Of course, I’m the analytical type, so with regard to the following: YMMV.
But not by very much.
In my final year of college, I was about eight years older than most of my fellow students. And it showed.
In one class, we were to set up a fictional corporate communications strategic plan for a selected company. This would include budgeting for everything—equipment, staffing, salaries, the lot.
My colleagues were so ignorant they had no idea what to pay the clerk/ secretary they would need to hire. They didn’t even know where to look. So they ballparked a very, very nice salary out of thin air.
I knew they could stop in the library, open the US Labor Department’s “Occupational Outlook Handbook” and find out everything there was to know about clerks and secretaries—including their salaries. (Yes, Virginia, even in those days.) And these people were going to be journalists—in other words, professional researchers. The mind reels.
But I digress.
I was in another class called “Industrial Marketing” that was excellent. There again, I had more experience than the other students who knew relatively little about the world and even less about the world of business.
But that was no excuse.
This course took the “case study” approach: For each class, we were given an assignment from the textbook. Each book chapter was a business problem. Each problem (or case) had been written by some grad student or assistant or other fledgling as part of their course of study.
Well, once again, when Dr. Brody took up the analyses we had handed in and read them in class, it quickly became apparent that many of the students had missed the boat. In a few cases they lucked out on experience (“My dad owns a Porsche dealership, so I know from learning about his business….) but many of the rest couldn’t buy a clue. Yet it always turned out there was a single best “right” course of action that would save the company from going belly-up.
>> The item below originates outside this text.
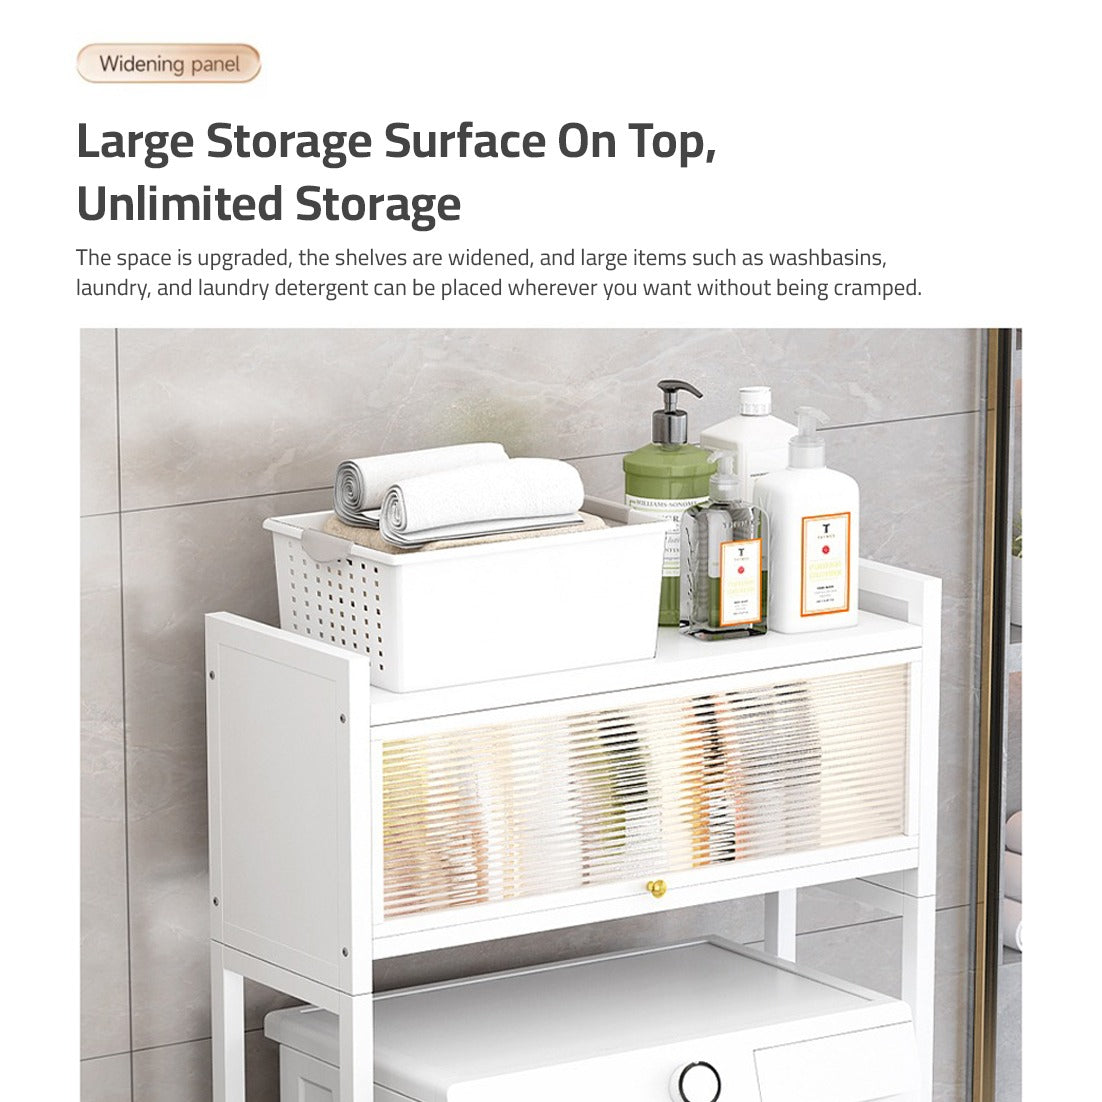 Upper layer of Laundry Room Storage Cabinet Organizer where Laundry Items are Stored.
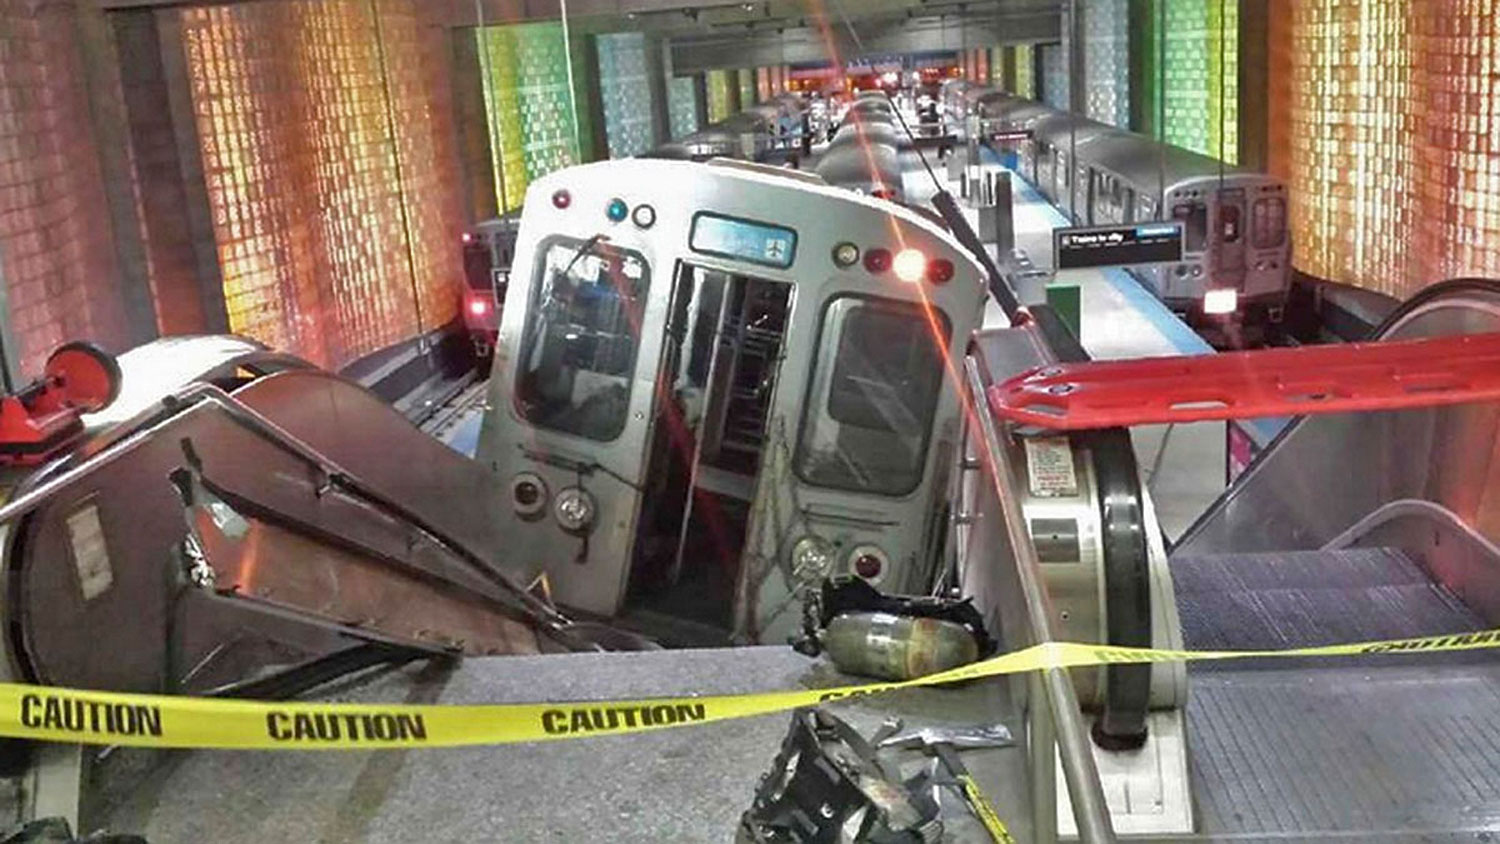 A handout photo shows a derailed commuter train resting on an escalator at O'Hare international airport in Chicago

Naturally, It was easy for me to get it right. But that wasn’t the smart part. The smart part was always contained in the case we were handed to analyze. Without that, none of us could have been half as smart.
Because those case-writers had done the hard work of reading, defining, categorizing, arranging, sorting, discarding, and presenting the current situation: Where things stood, how the company got there, what assets it had to work with, etc., etc., etc. This could include everything from changes in management or corporate strategy to competitive pressure from other companies in the field.
As the old saying goes: The kernel of the solution was always contained in the problem. “Aha! The switch from importing fine grade gypsum to extra-fine grade affected quantities delivered per load and quality control. The best course now would be to make an offer on the competitor’s domestic plant—since they are moving away from the industry and we have a good track record with acquisitions.” On and on, something like that.
How does this work in real life? (Or: Why Doesn’t This Work In Real Life?!)
Because we seldom have that comprehensive, dispassionate, detailed picture drawn up so well by that geeky Harvard kid for us.
In Other Words: We don’t have a good idea of the problem.
Meanwhile, all our friends know exactly what we should do. The big problem with their solutions is that they have The View From 20,000 feet. It’s that, or else they’re sitting right next to us looking through the same microscope as we are. Either way, not so good help.
So I learned that writing isn’t just for writers. And it isn’t simply, magically, cathartic. I learned that properly describing and defining the problem is the single most important part of finding the best solution.
That is something that’s seldom taught in school.
Thank you, Dr. Brody.
And thank you, nameless case-study writers everywhere.